» ACTIVITY: Copy word for word the lines in the records below, starting at the line with "Perceeloppervlakte Asterstraat 15 Alkmaar" and ending at the line with "49+] Islamic Wallpapers". Skip the pictures.

» SOURCE DATA:
══════════

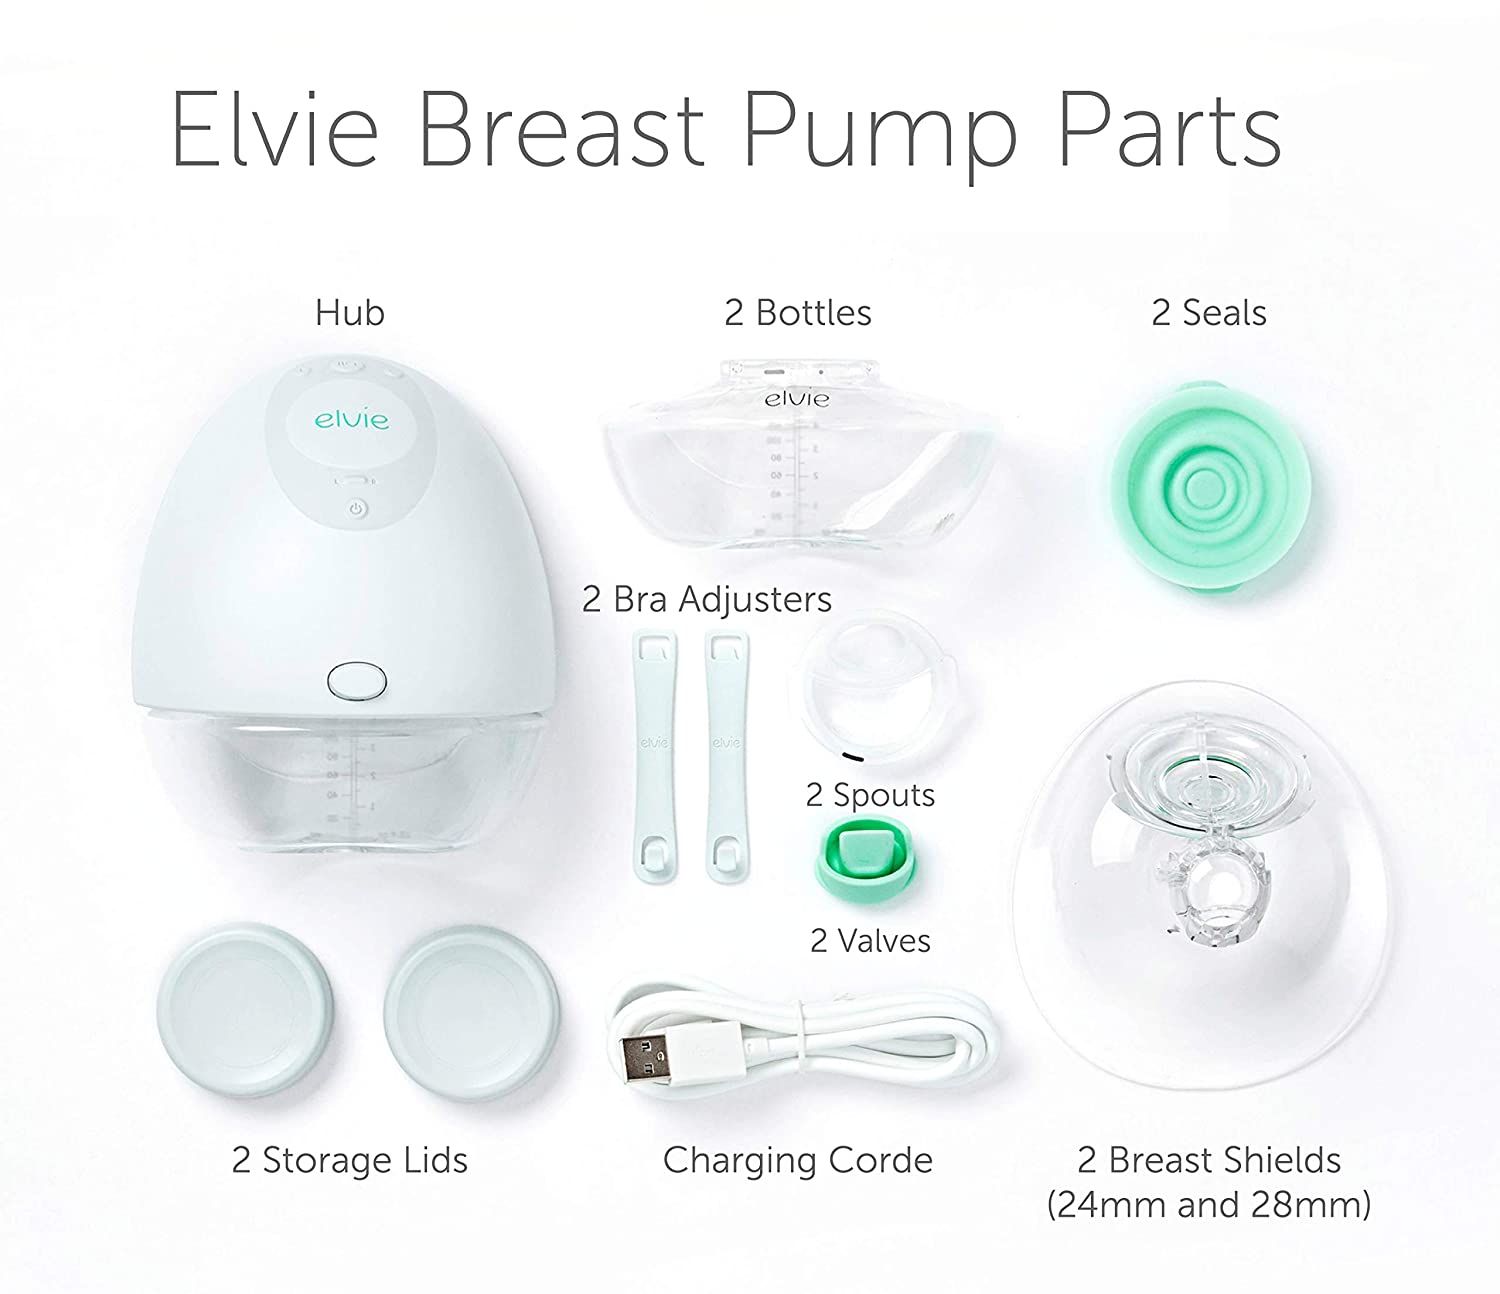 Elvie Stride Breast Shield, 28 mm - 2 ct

══════════

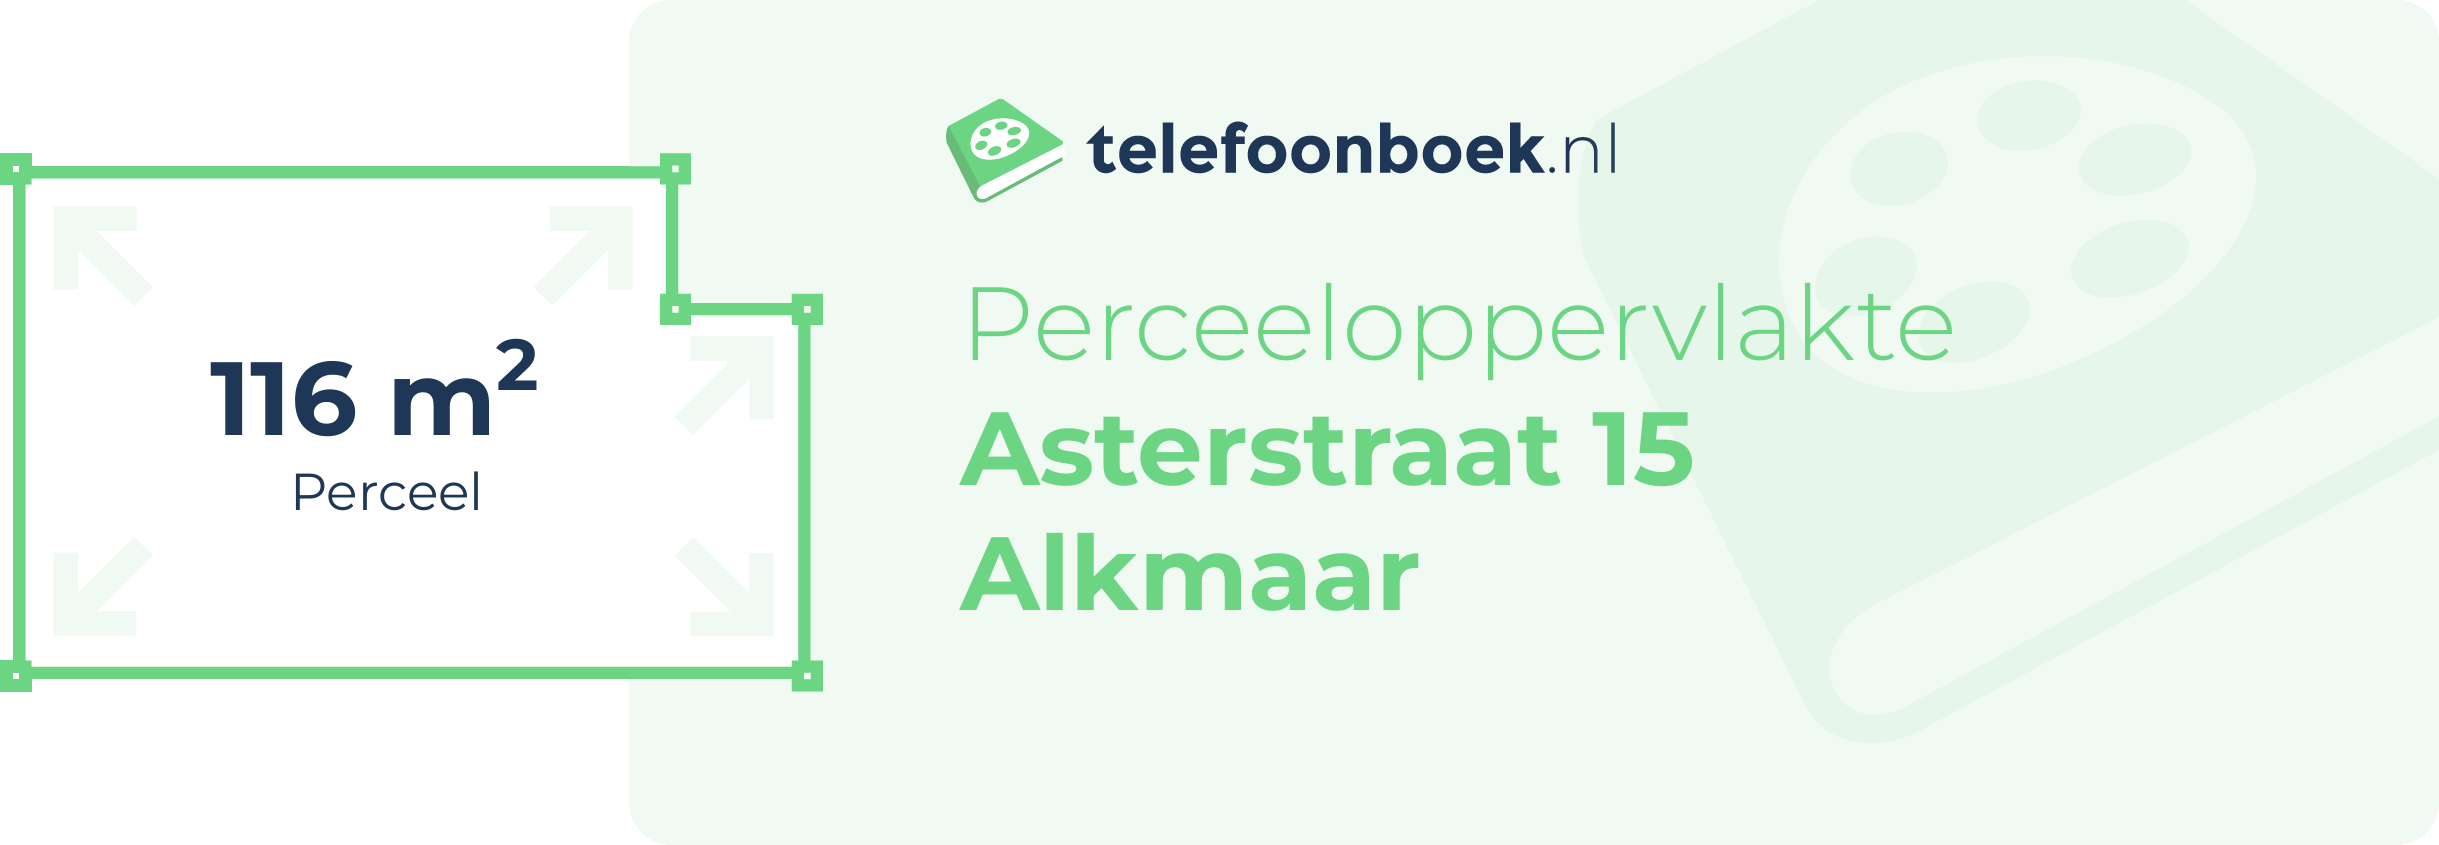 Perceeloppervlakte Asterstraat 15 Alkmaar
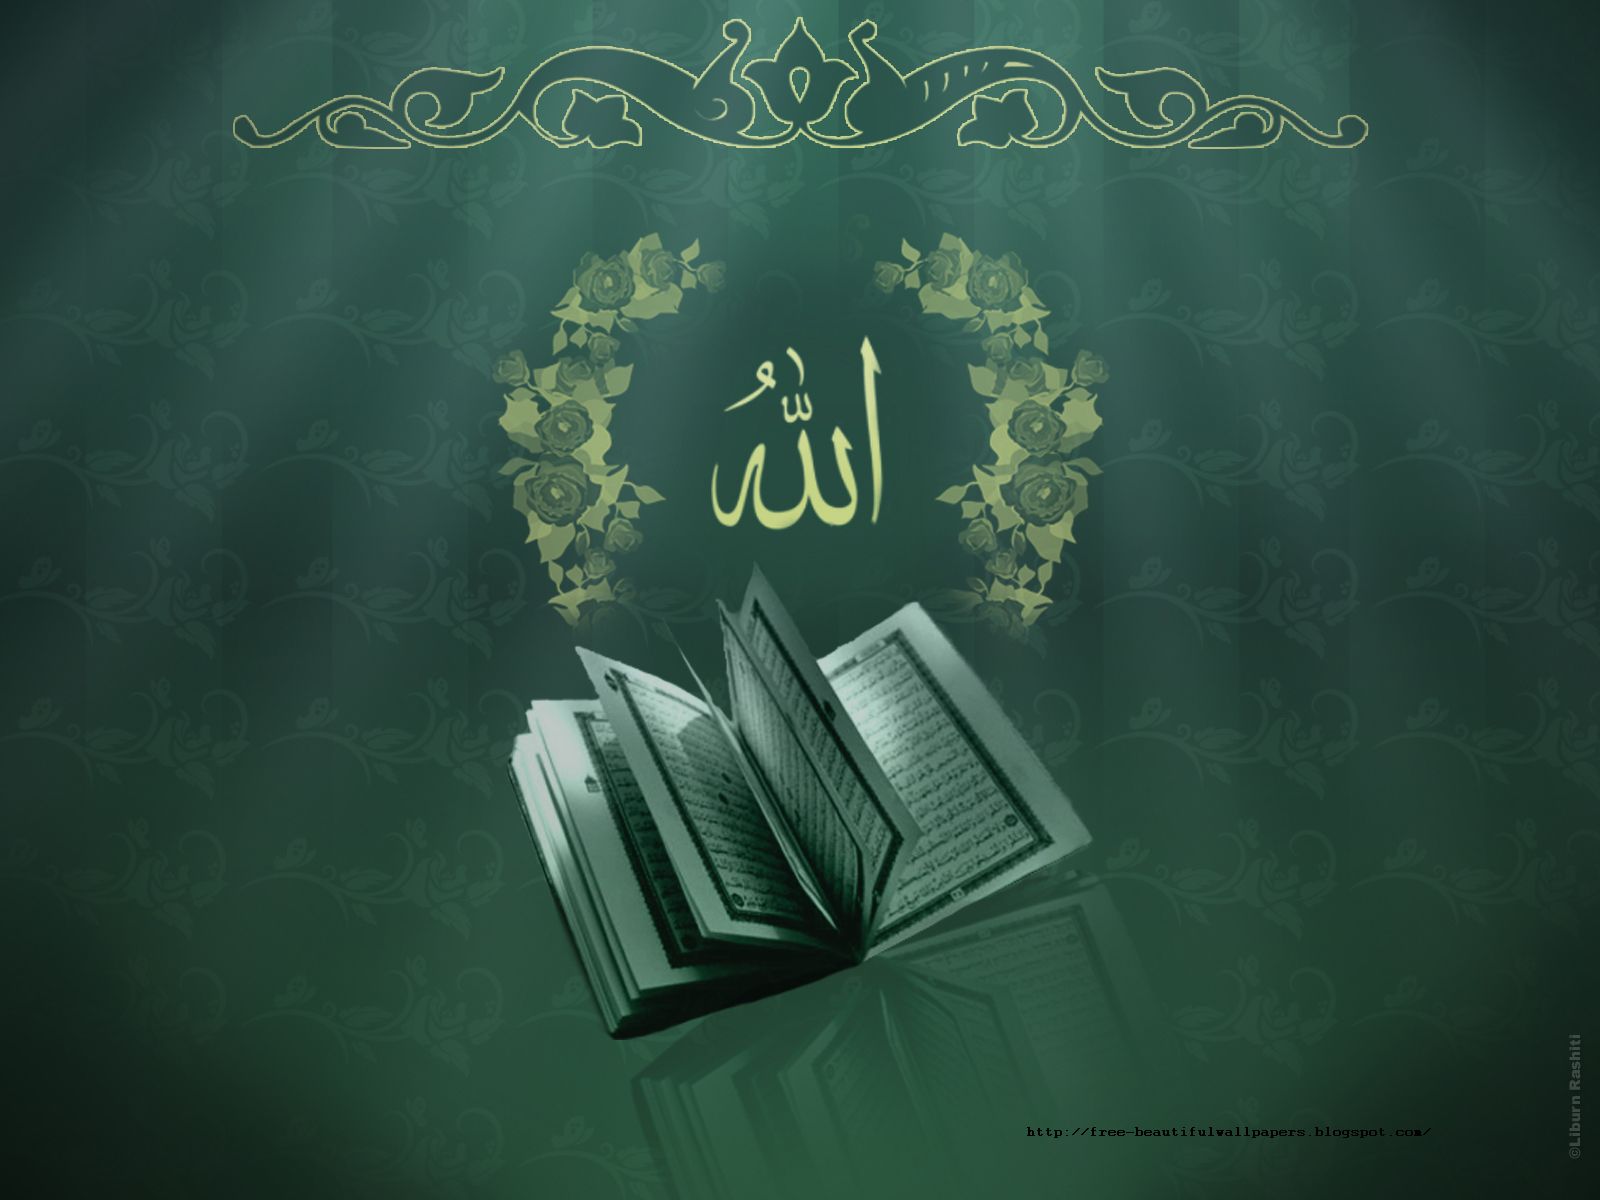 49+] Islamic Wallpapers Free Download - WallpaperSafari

══════════

» ANSWER SECTION:
 Perceeloppervlakte Asterstraat 15 Alkmaar
 49+] Islamic Wallpapers Free Download - WallpaperSafari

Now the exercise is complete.